• _COLLECTED MATERIAL_
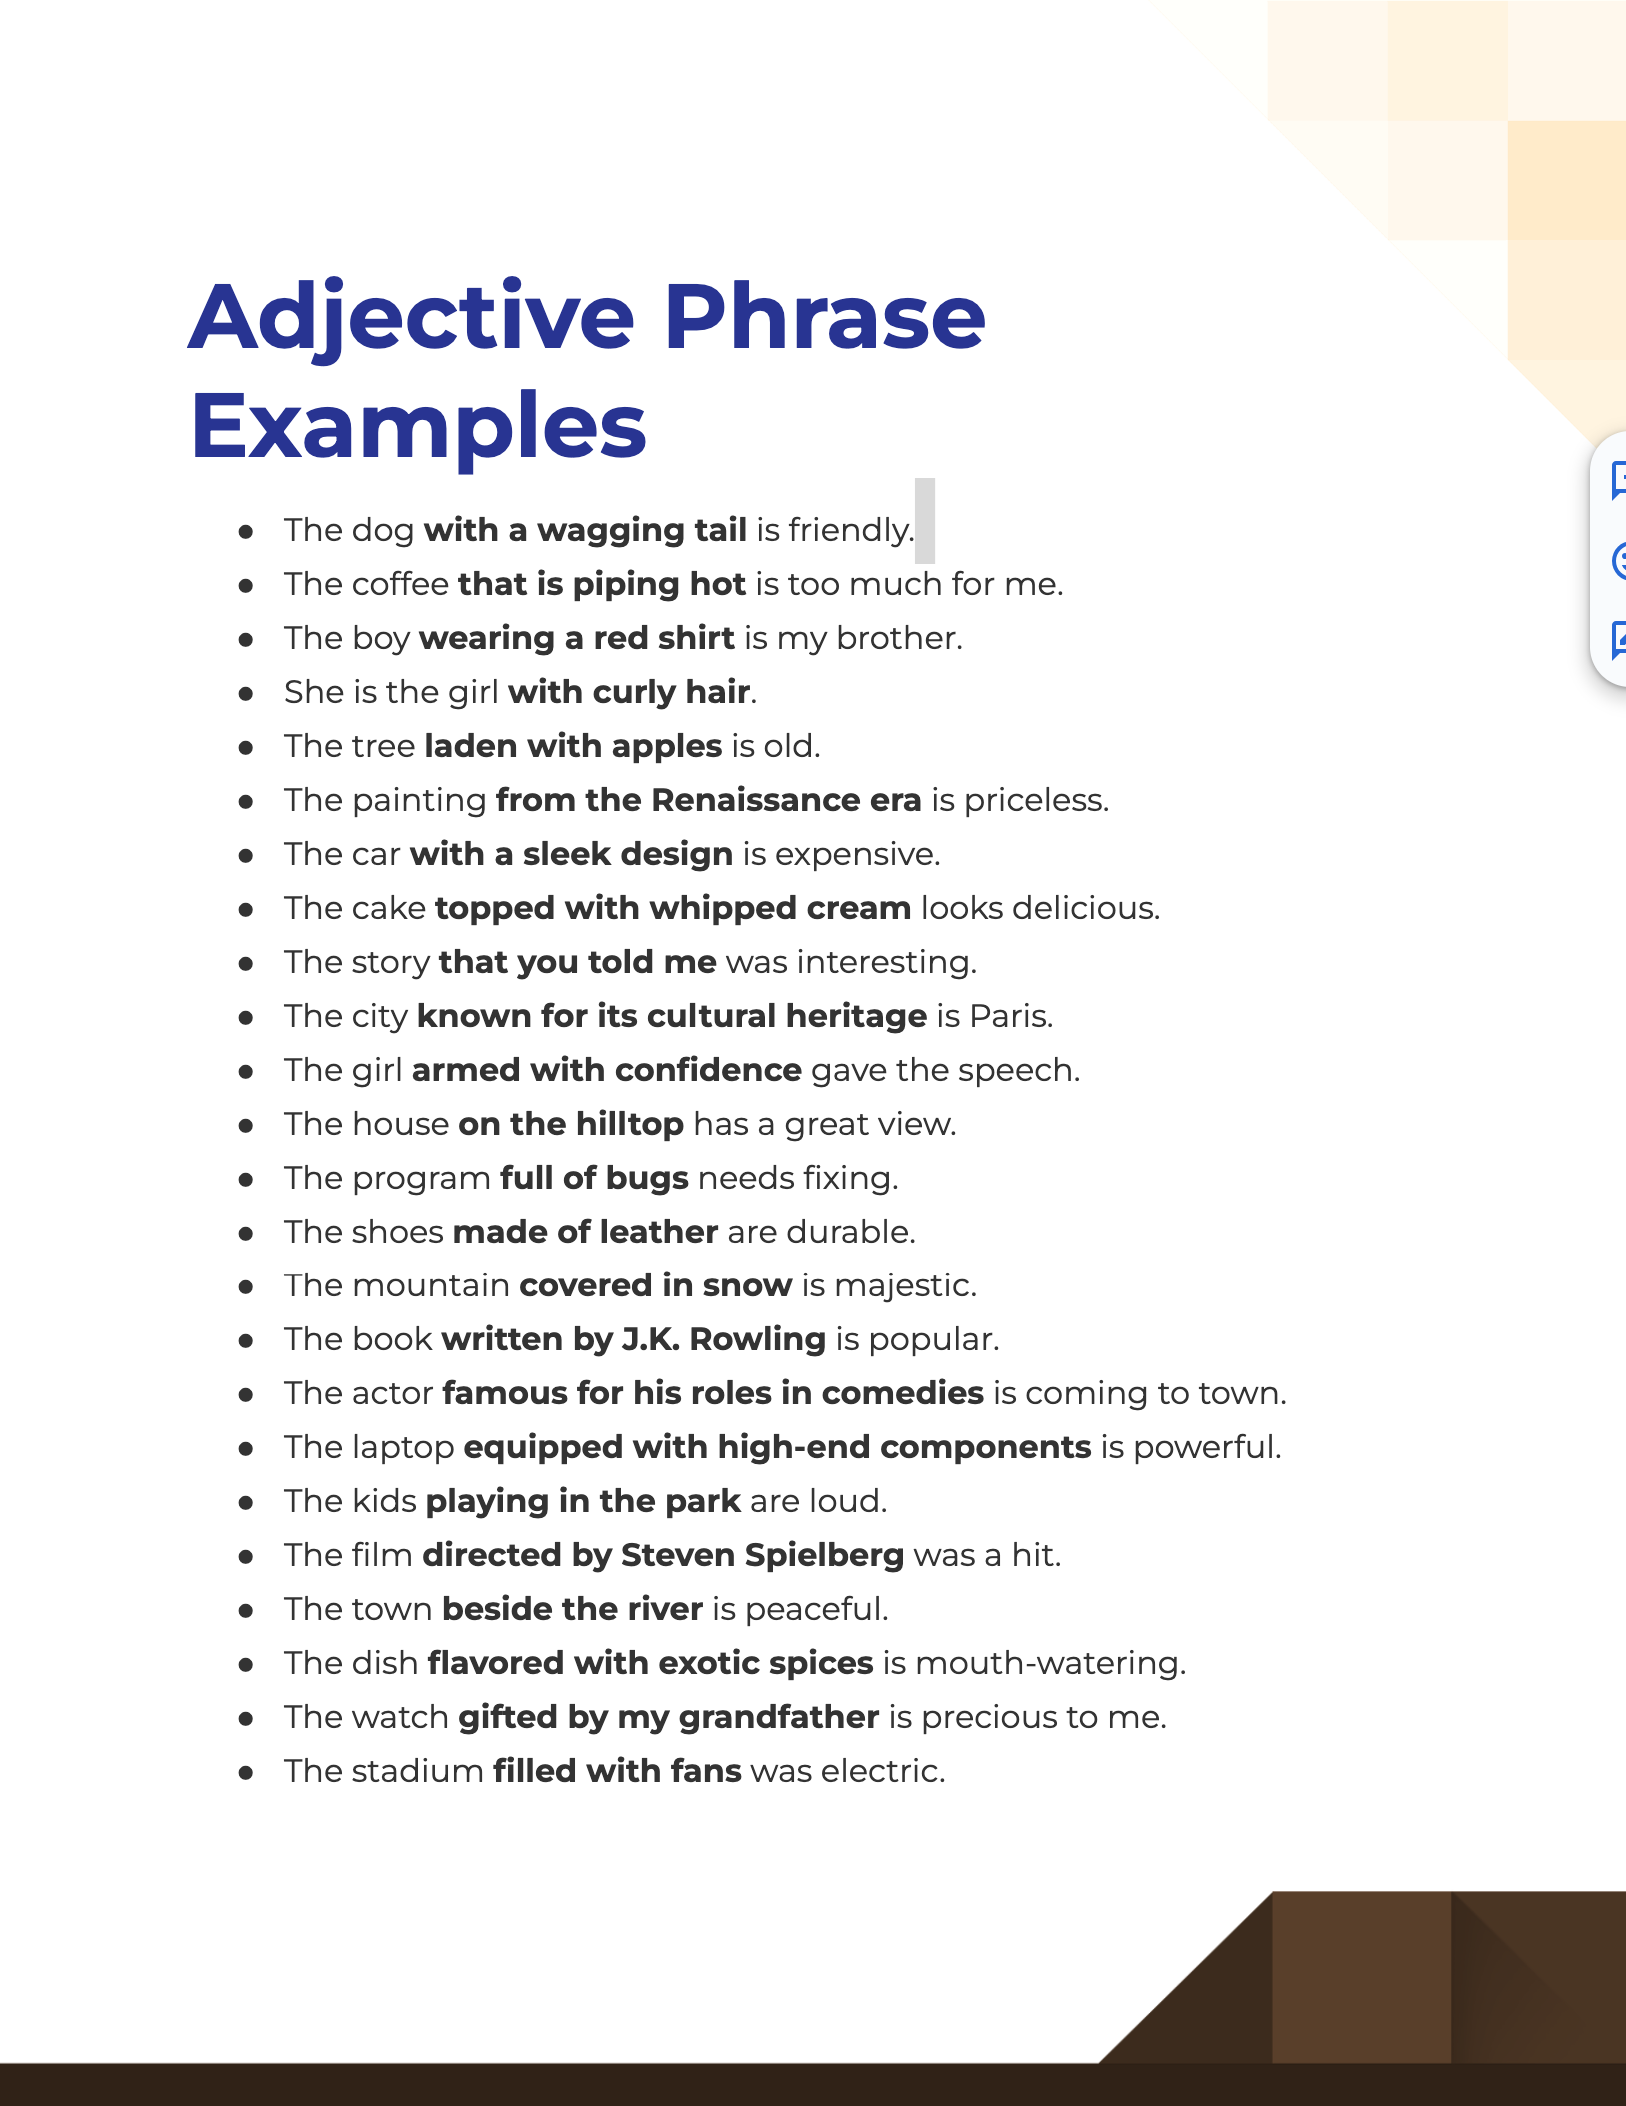 adjective phrase examples1
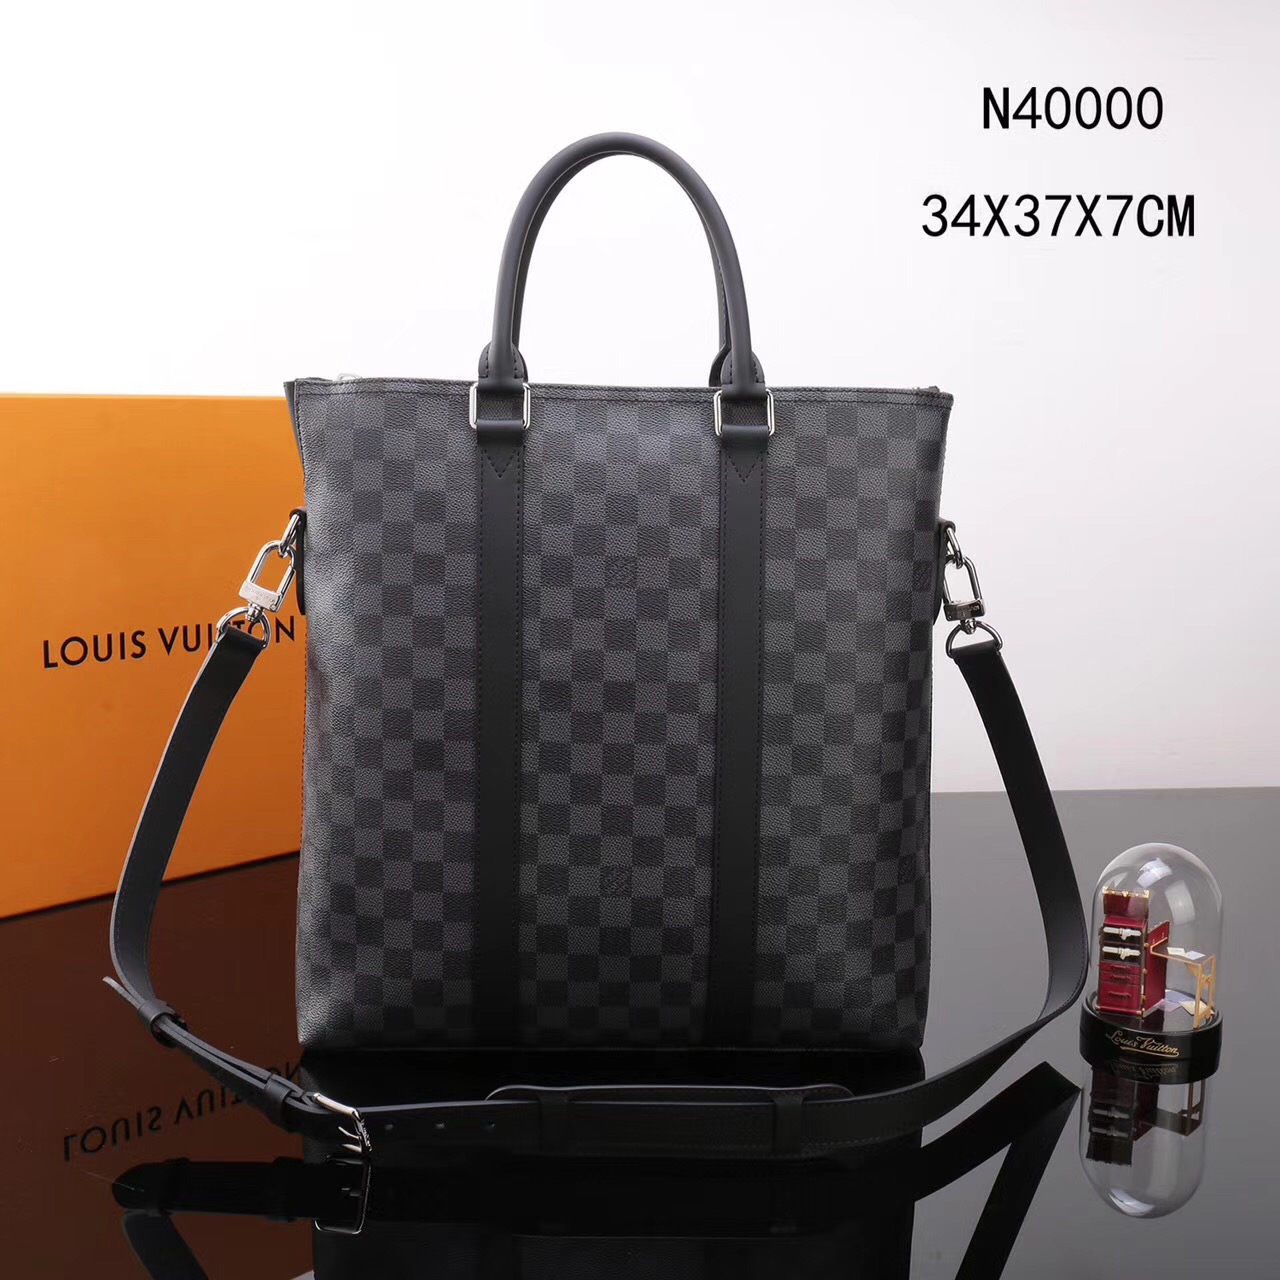 LV Louis Vuitton Explorer Tote Eclipse bags N40000 Monogram Handbags
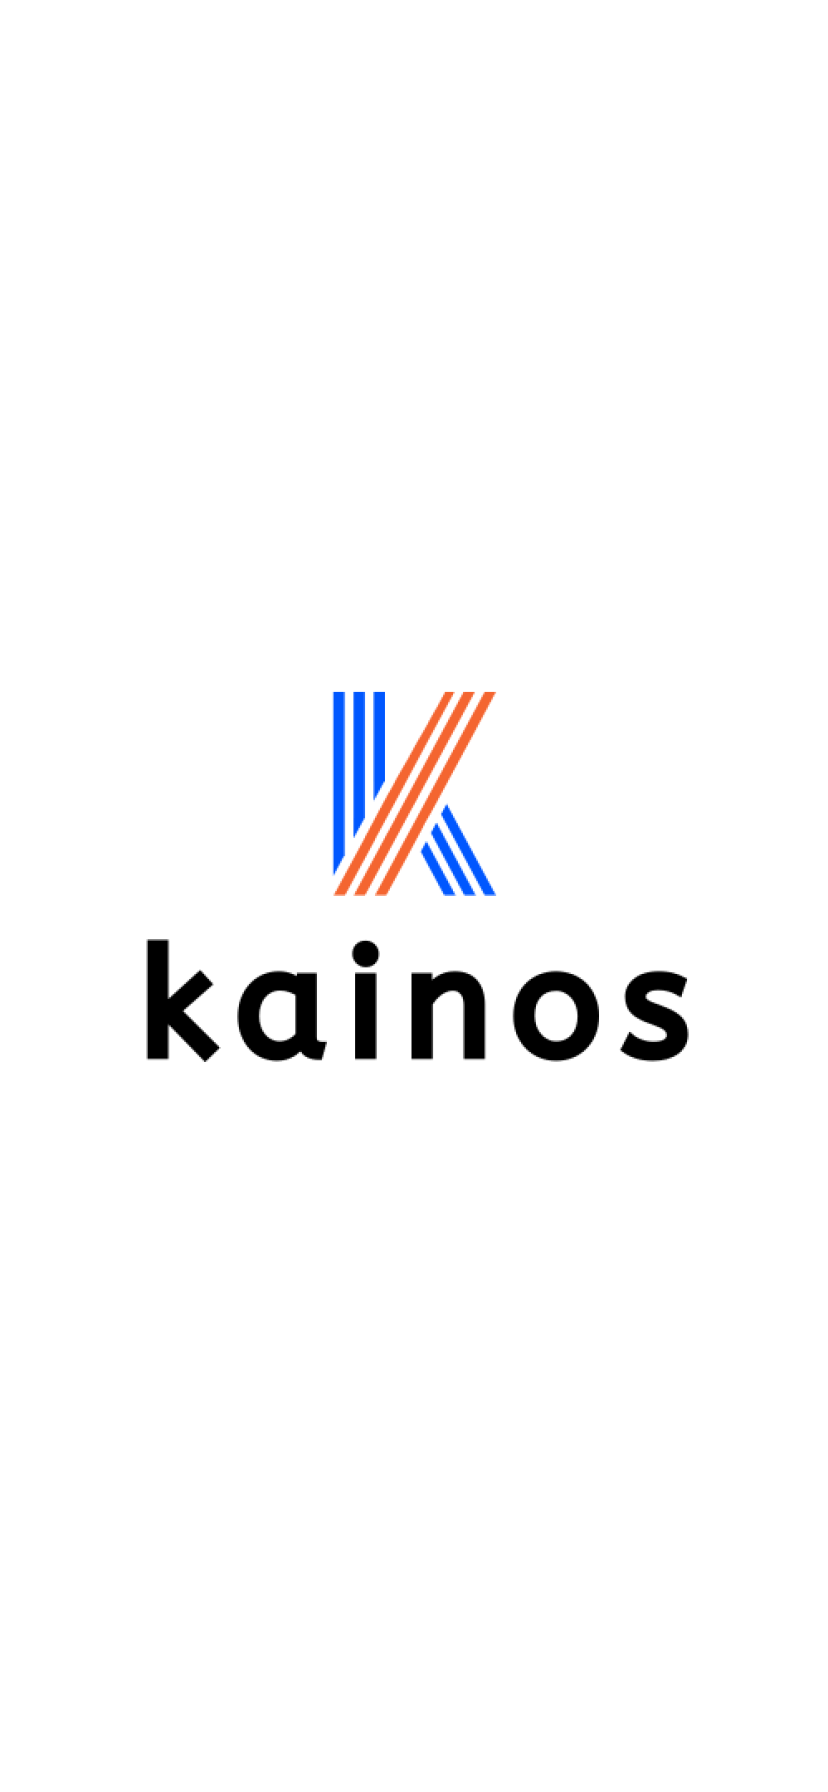 Kainos.co Domain Name For Sale

• _WORK ORDER_
Transcribe the preceding listing in its entirety and with exact wording, leaving out pictures.

• _ANSWER BELOW_
 adjective phrase examples1
 LV Louis Vuitton Explorer Tote Eclipse bags N40000 Monogram Handbags
 Kainos.co Domain Name For Sale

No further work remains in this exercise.